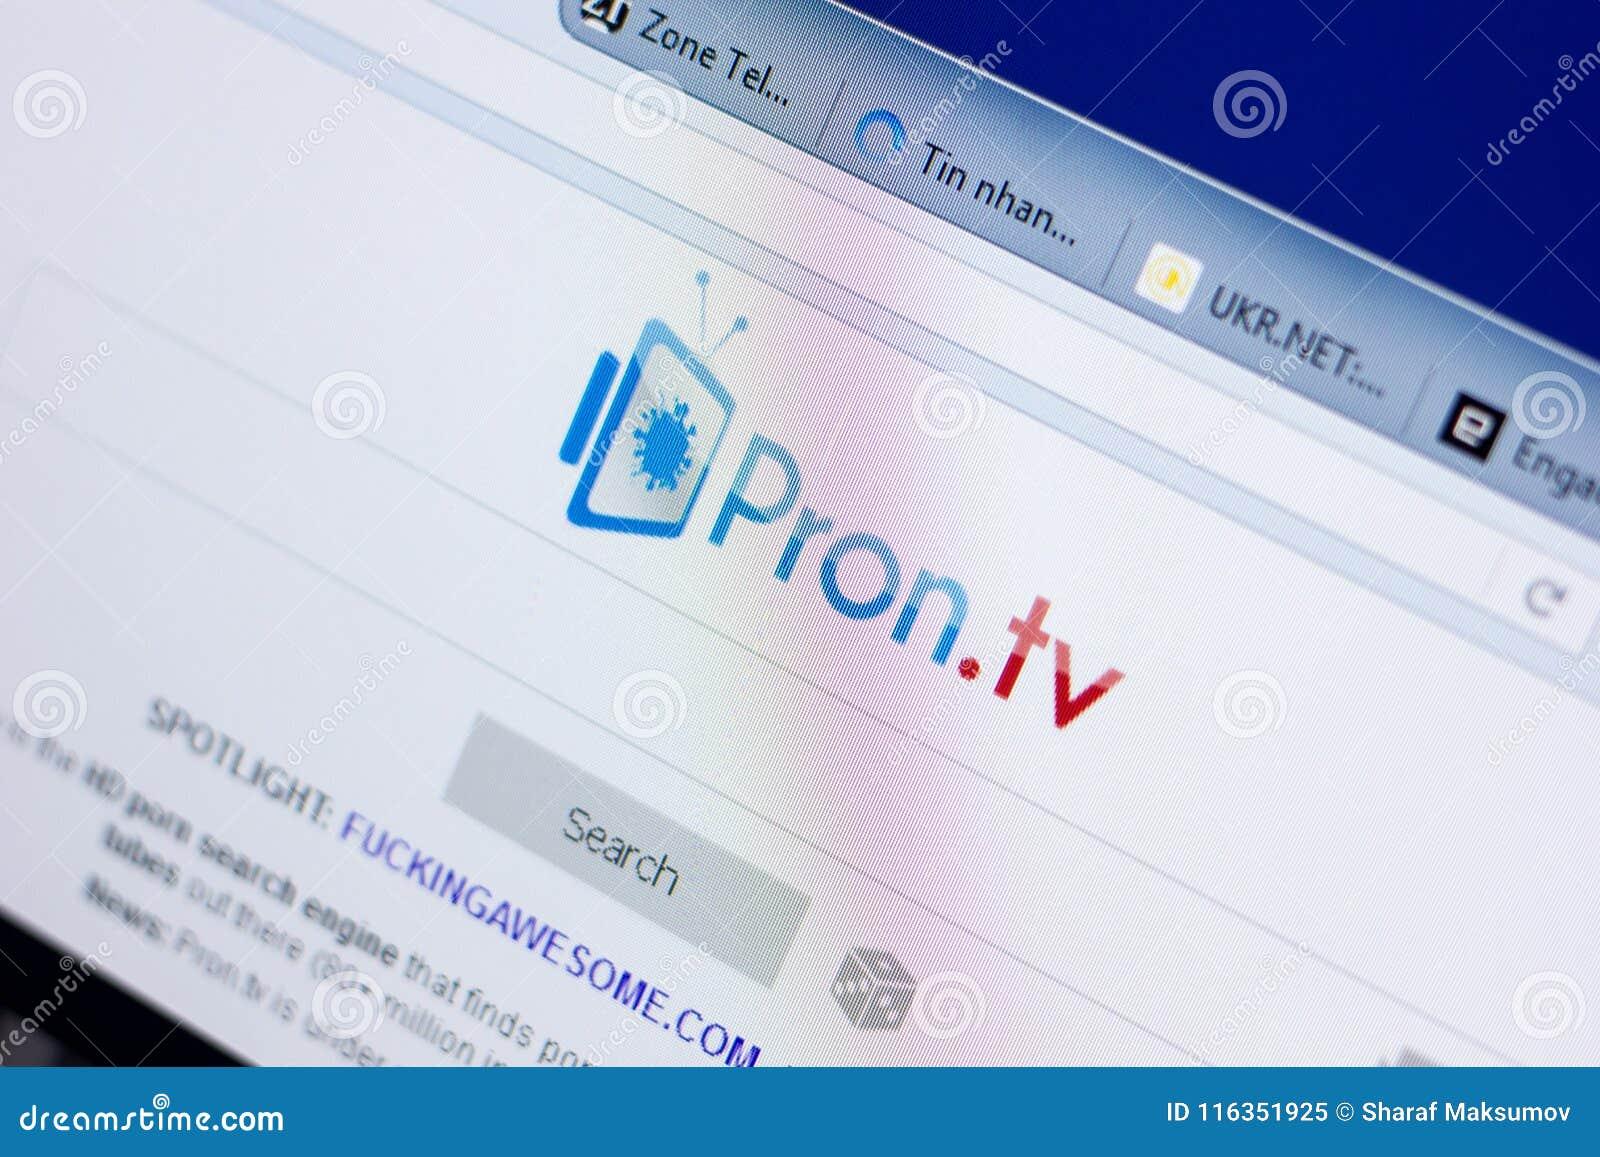 Ryazan Russia May 08 2018 Pron Website On The Display Of Pc Url Pron Tv
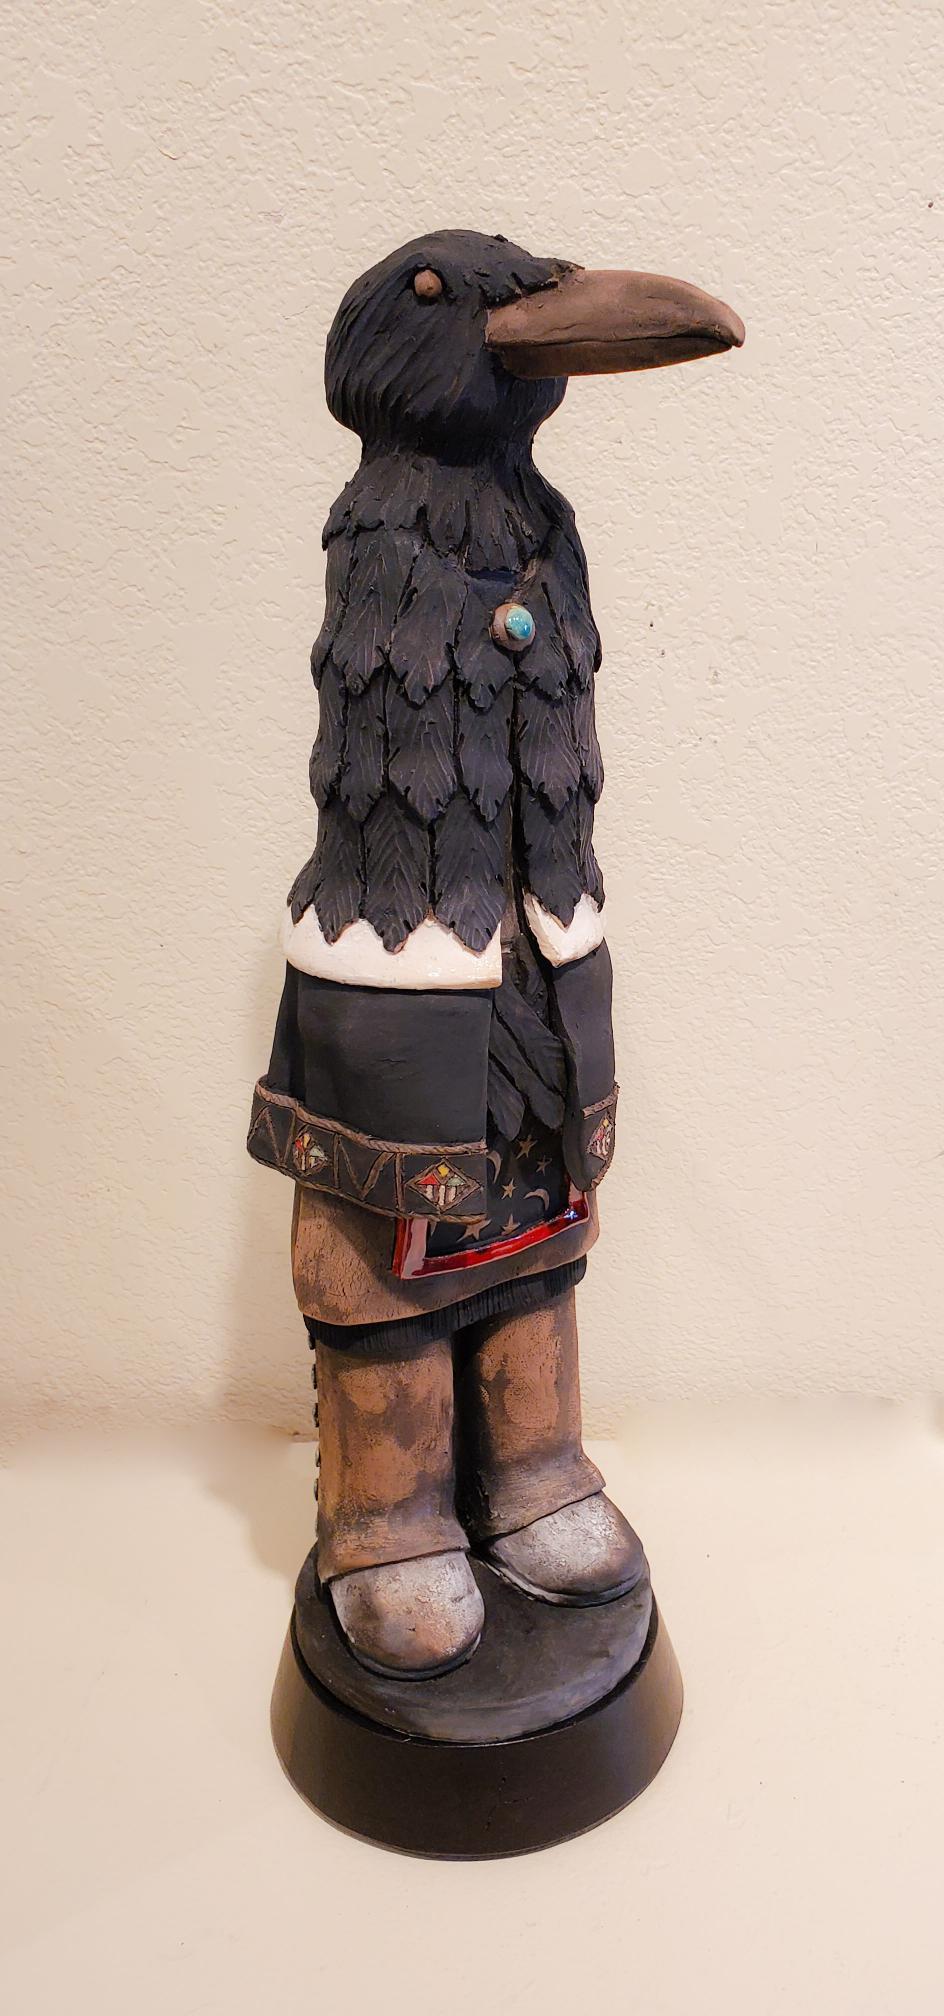 Raven #4, John Booth, Ceramic Sculpture, Rogoway Gallery
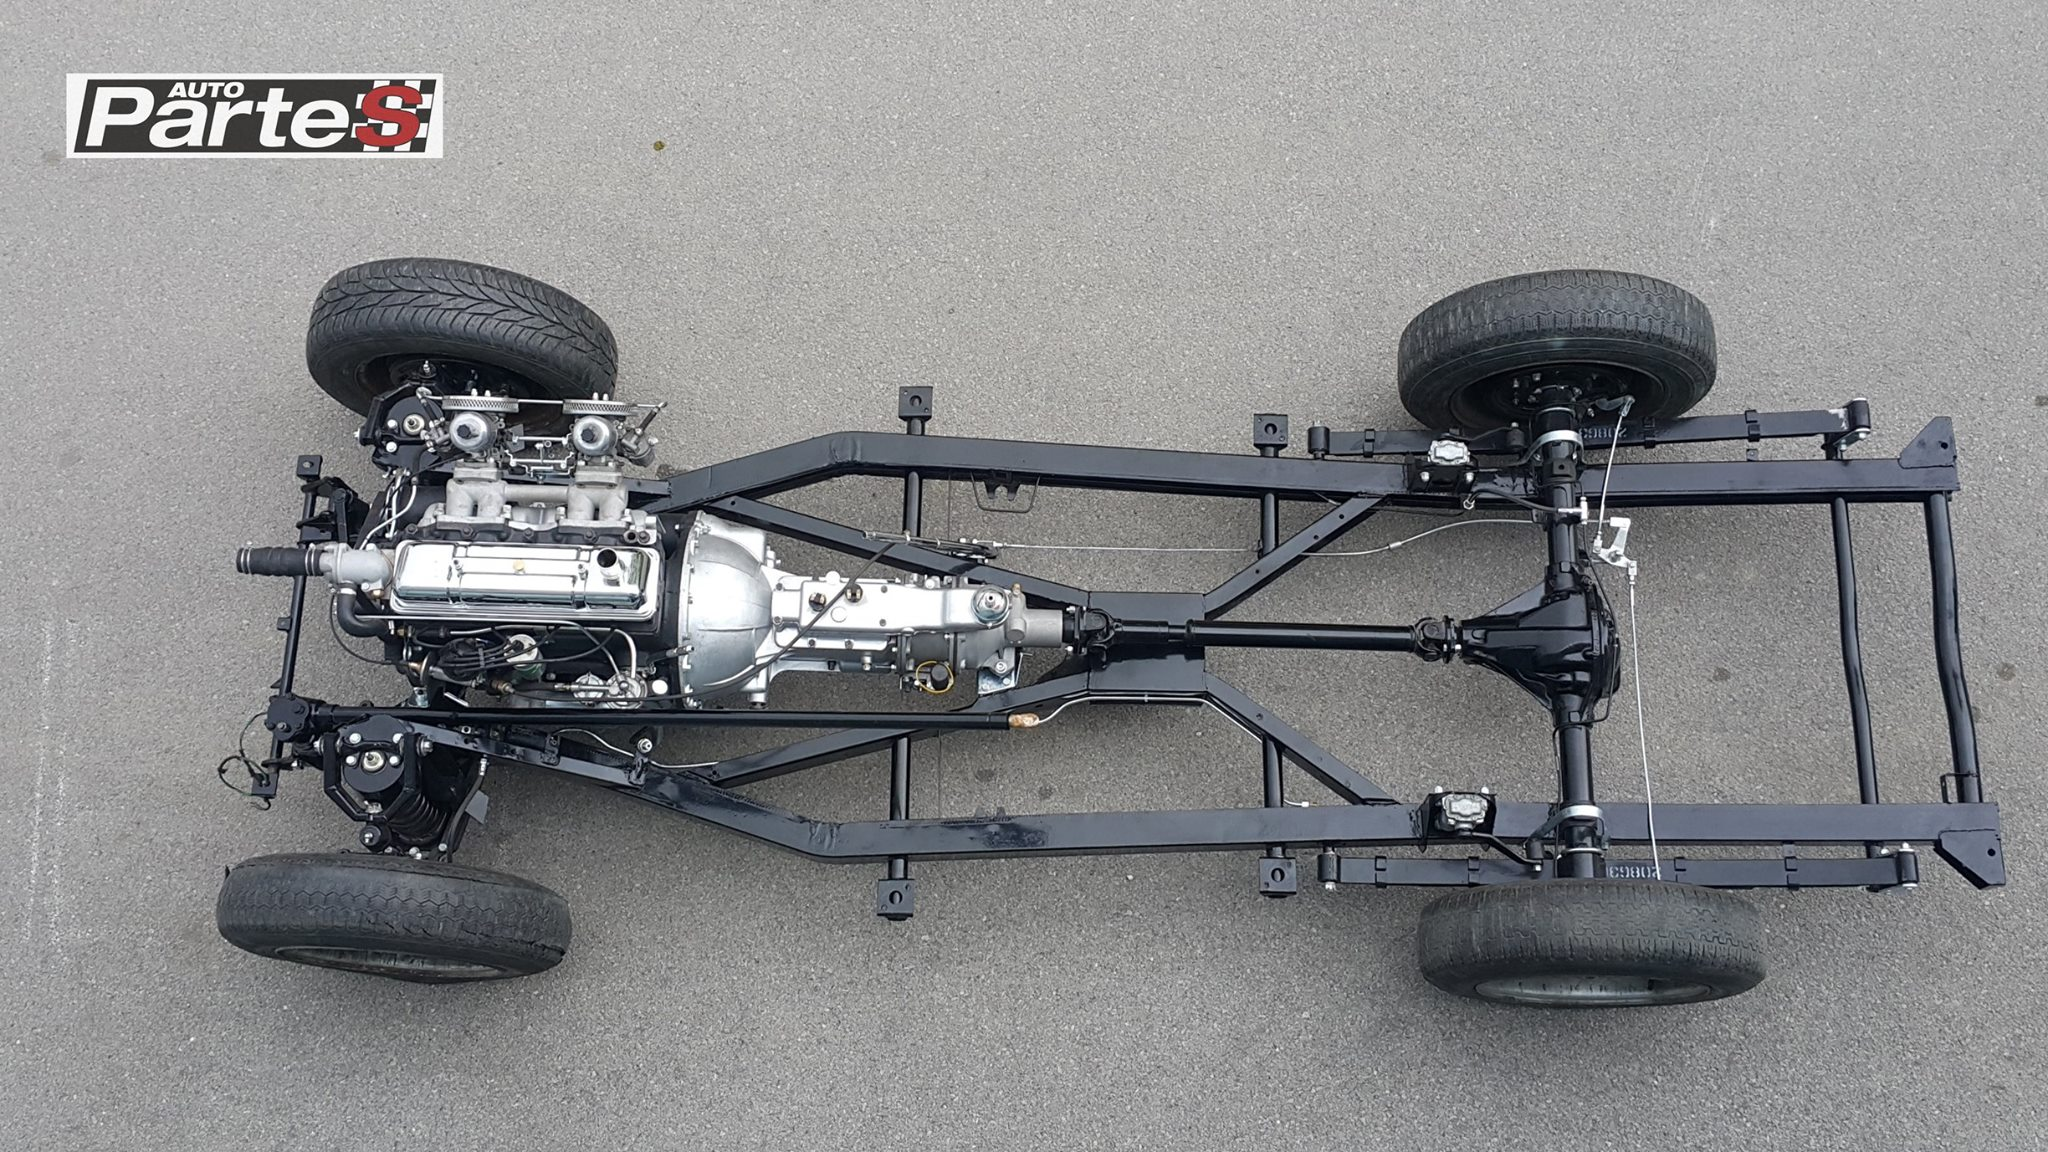 Superior Auto Parts >> Triumph TR2 better than new after epic restoration - Dandy Classics
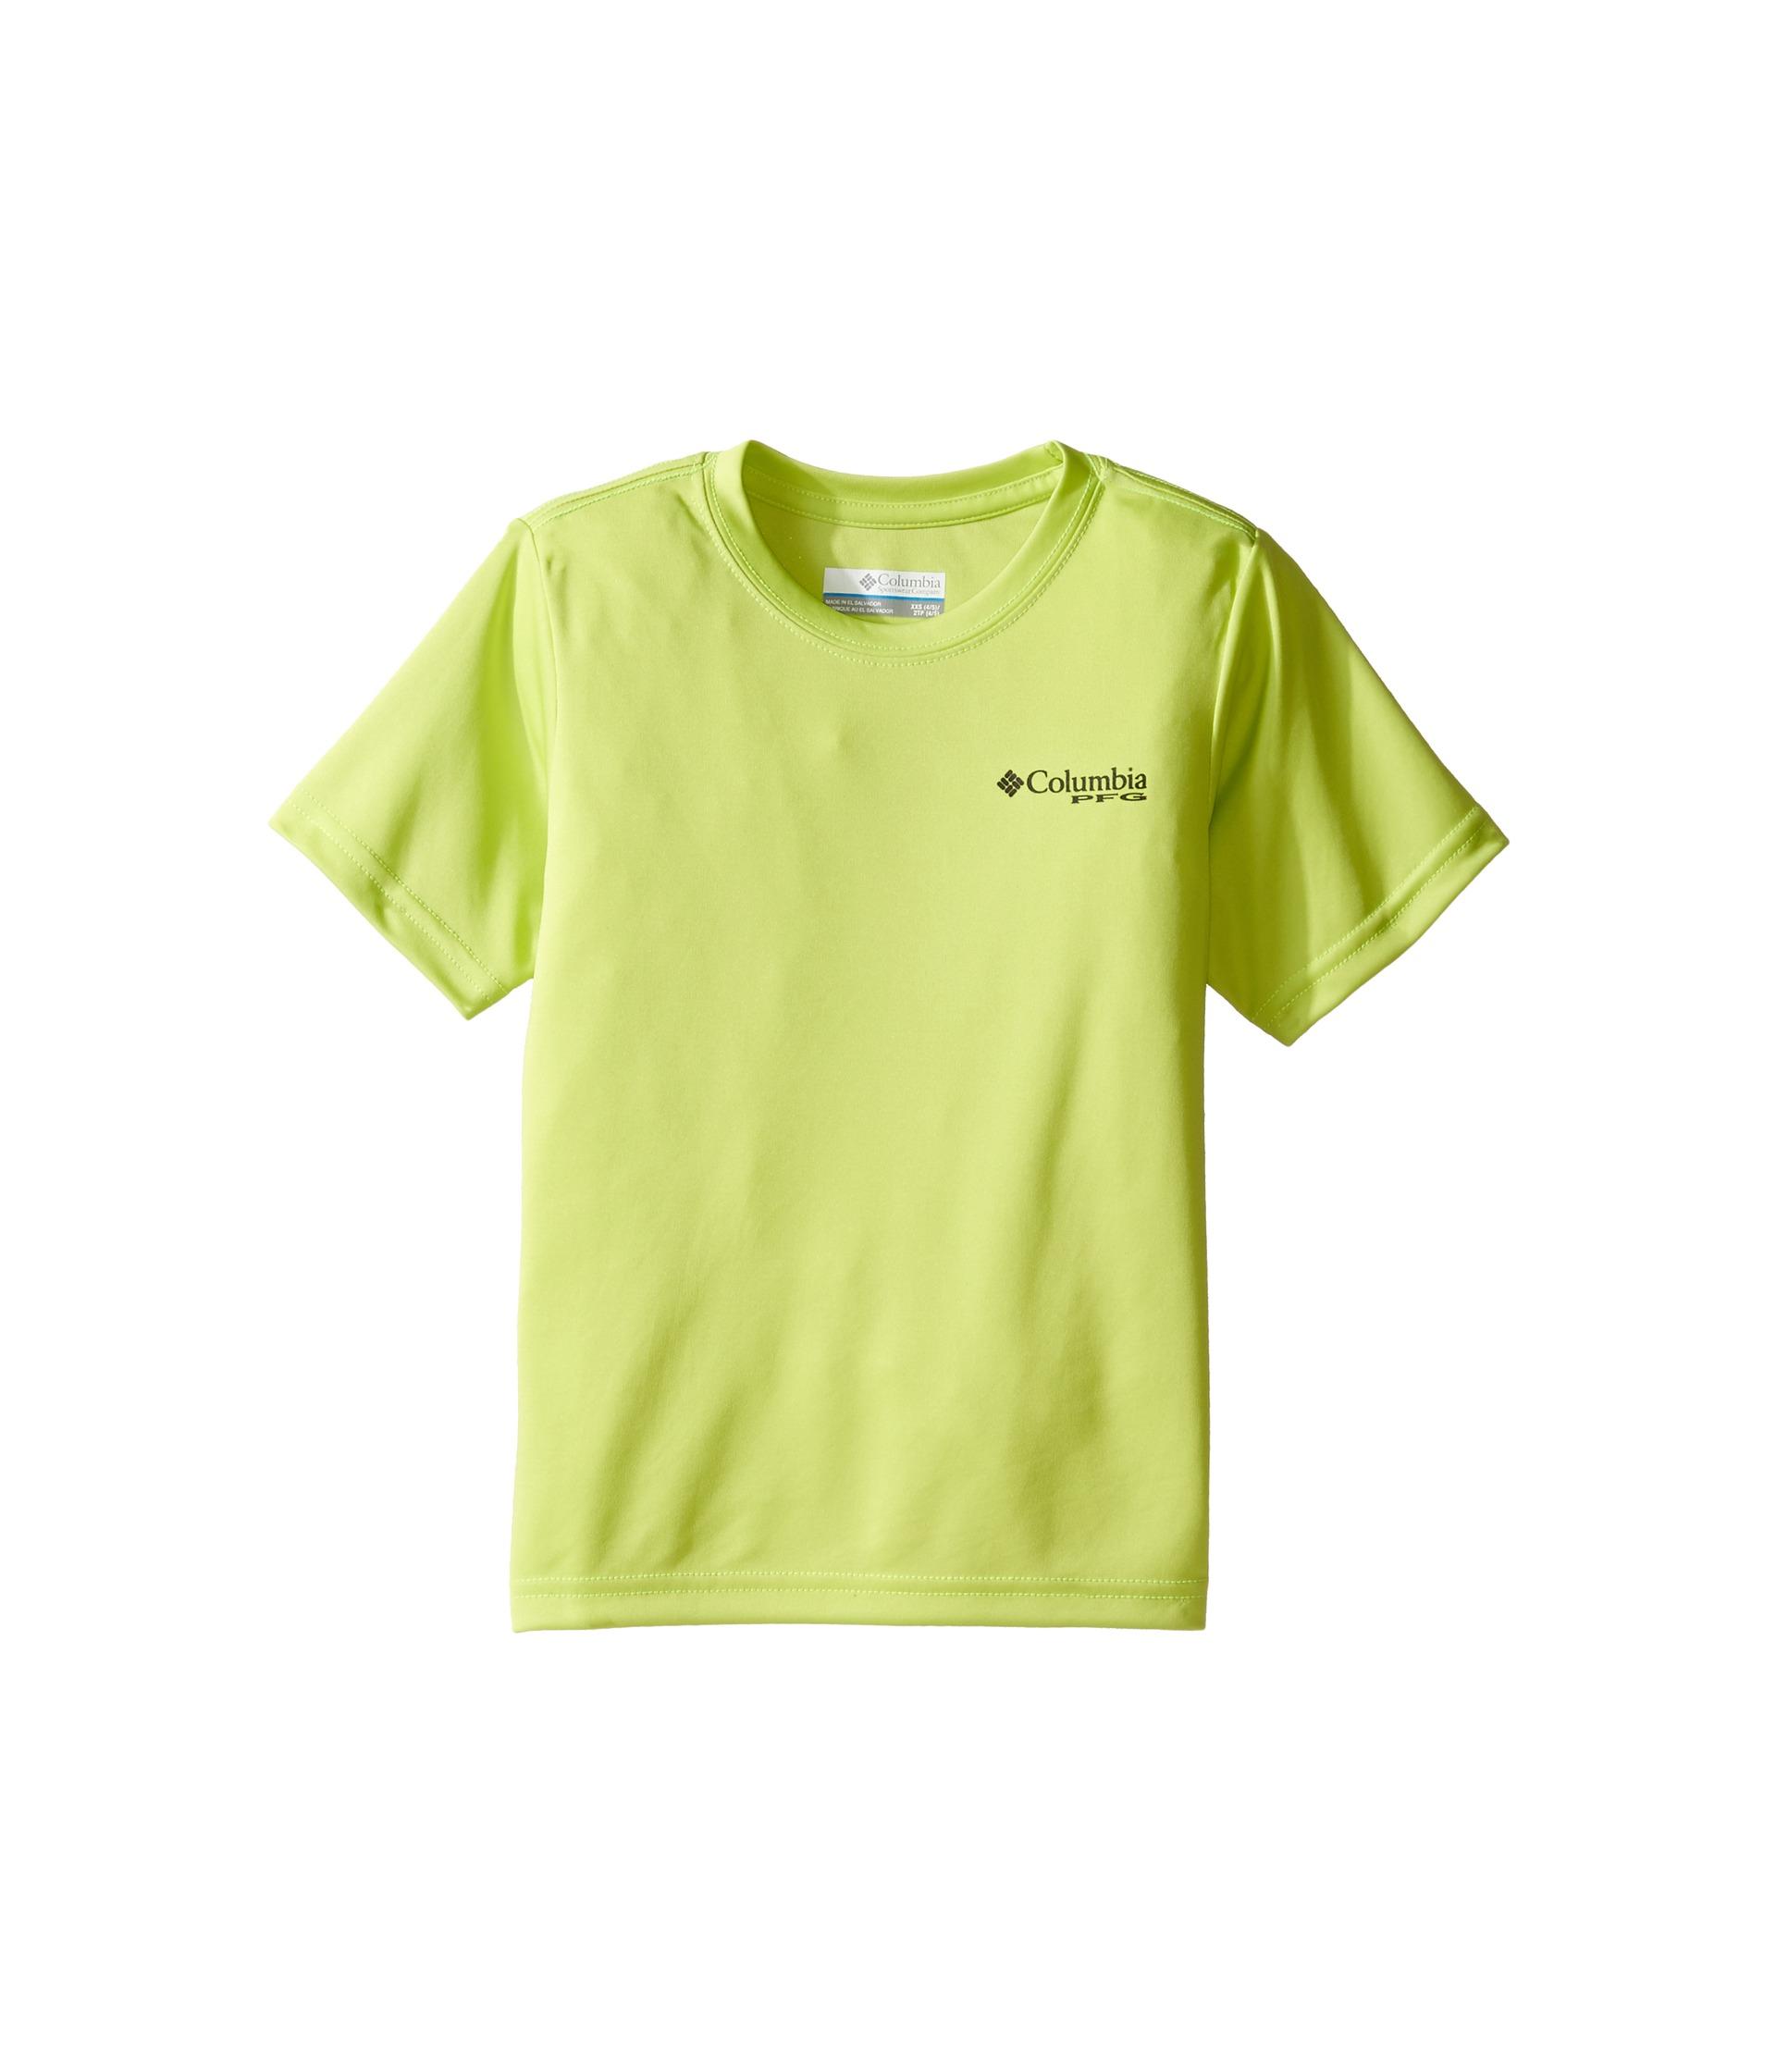 Columbia kids pfg triangle digicamo tee little kids big for Toddler columbia fishing shirt

▶ **Your objective**:
Pictures aside, print every line of the material exactly.

▶ **Answer to this task**:
 Ryazan Russia May 08 2018 Pron Website On The Display Of Pc Url Pron Tv
 Raven #4, John Booth, Ceramic Sculpture, Rogoway Gallery
 Superior Auto Parts >> Triumph TR2 better than new after epic restoration - Dandy Classics
 Columbia kids pfg triangle digicamo tee little kids big for Toddler columbia fishing shirt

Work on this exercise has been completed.